Unsupervised Fuzzy eIX: Evolving Internal-eXternal Fuzzy Clustering
This addresses the challenge of adapting classifiers to time-varying data streams, which is incremental as it builds on existing fuzzy clustering with new granular structures.
The authors tackled the problem of classifying data from nonstationary online streams by introducing Fuzzy eIX, an unsupervised evolving fuzzy clustering method that maintains accuracy where offline-trained classifiers fail, as demonstrated on the Rotation of Twin Gaussians synthetic problem.

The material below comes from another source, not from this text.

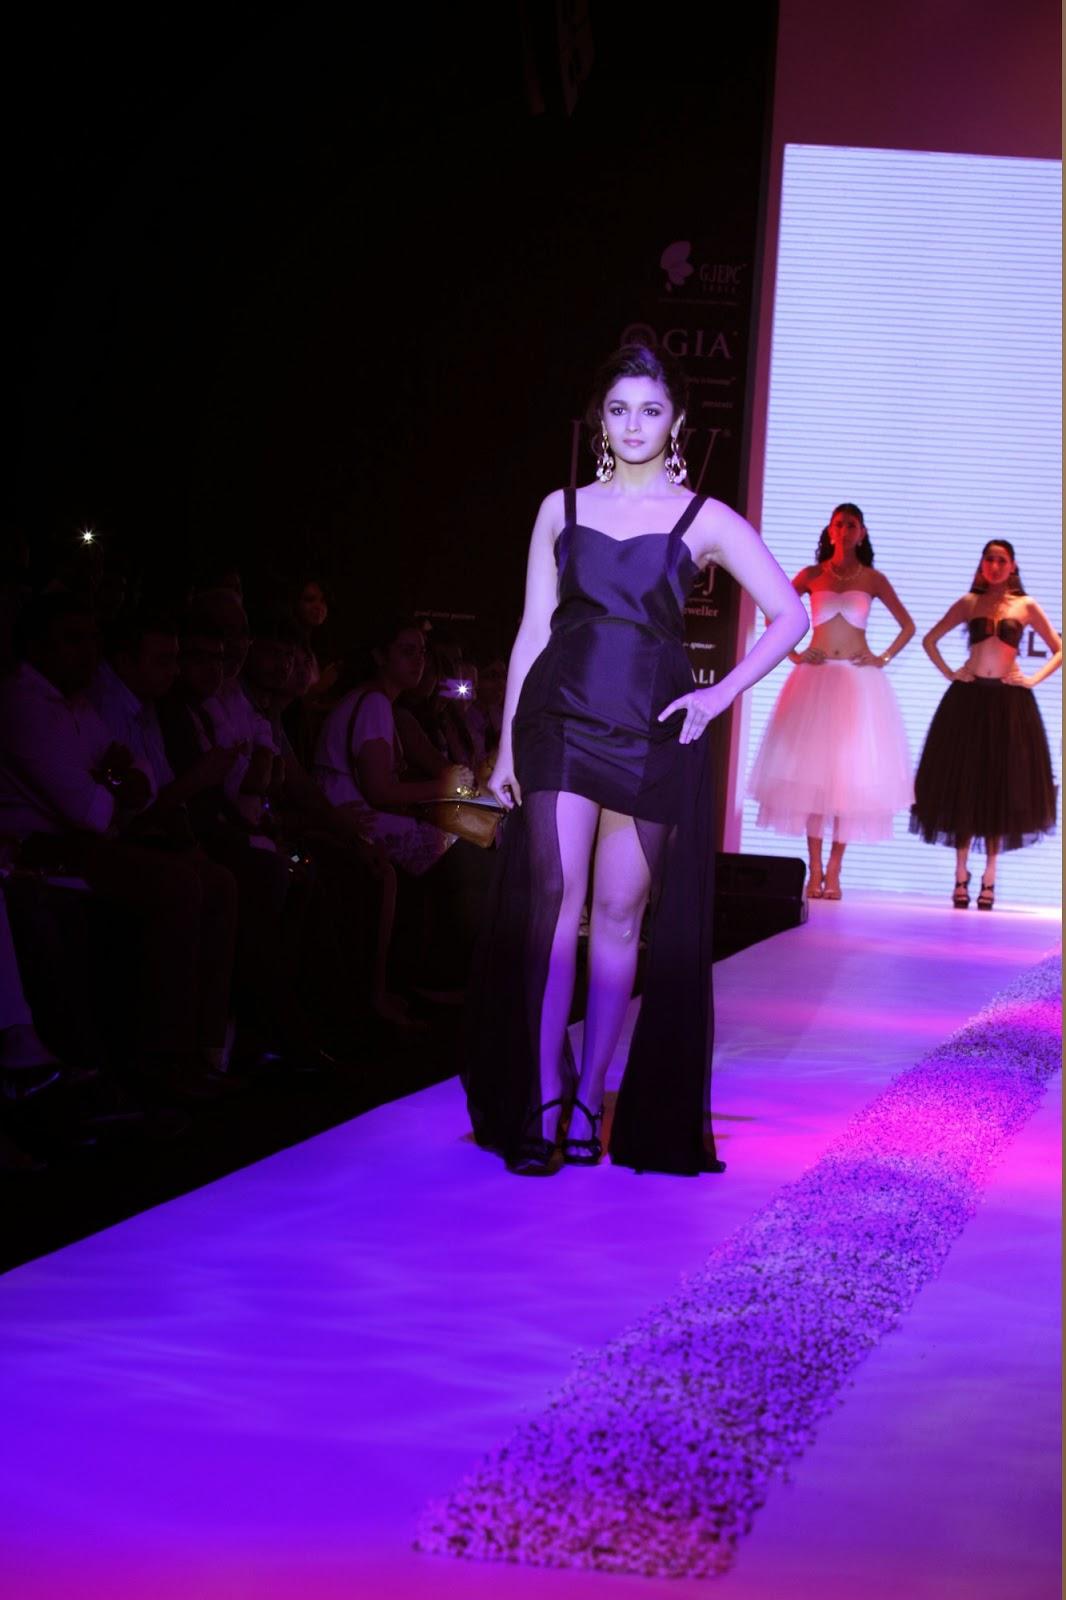 Alia Bhatt Hot in Black Legs Show - boobs touch
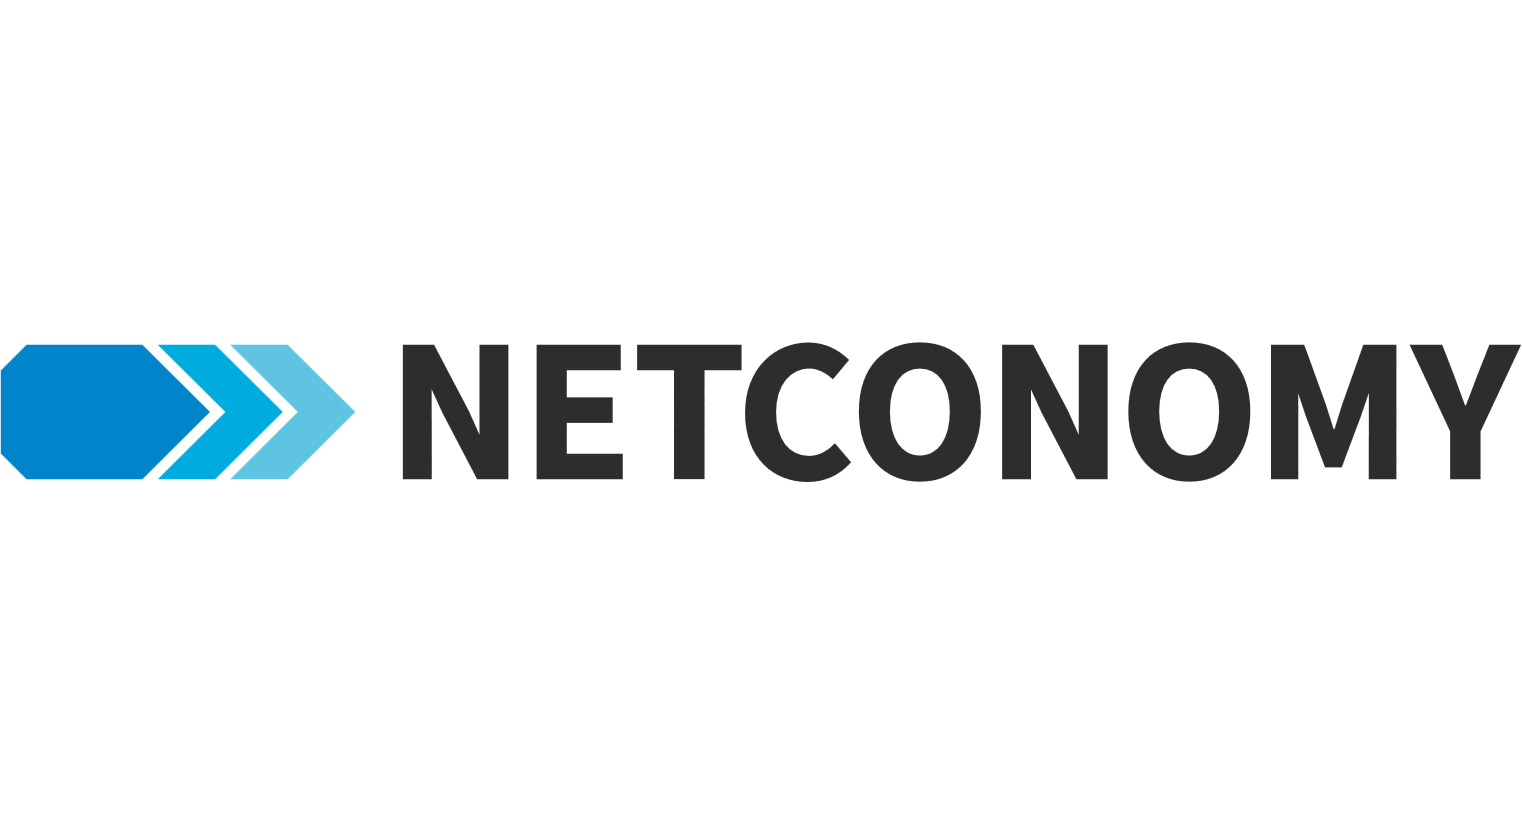 Netconomy FI

Time-varying classifiers, namely, evolving classifiers, play an important role in a scenario in which information is available as a never-ending online data stream. We present a new unsupervised learning method for numerical data called evolving Internal-eXternal Fuzzy clustering method (Fuzzy eIX). We develop the notion of double-boundary fuzzy granules and elaborate on its implications. Type 1 and type 2 fuzzy inference systems can be obtained from the projection of Fuzzy eIX granules. We perform the principle of the balanced information granularity within Fuzzy eIX classifiers to achieve a higher level of model understandability. Internal and external granules are updated from a numerical data stream at the same time that the global granular structure of the classifier is autonomously evolved. A synthetic nonstationary problem called Rotation of Twin Gaussians shows the behavior of the classifier. The Fuzzy eIX classifier could keep up with its accuracy in a scenario in which offline-trained classifiers would clearly have their accuracy drastically dropped.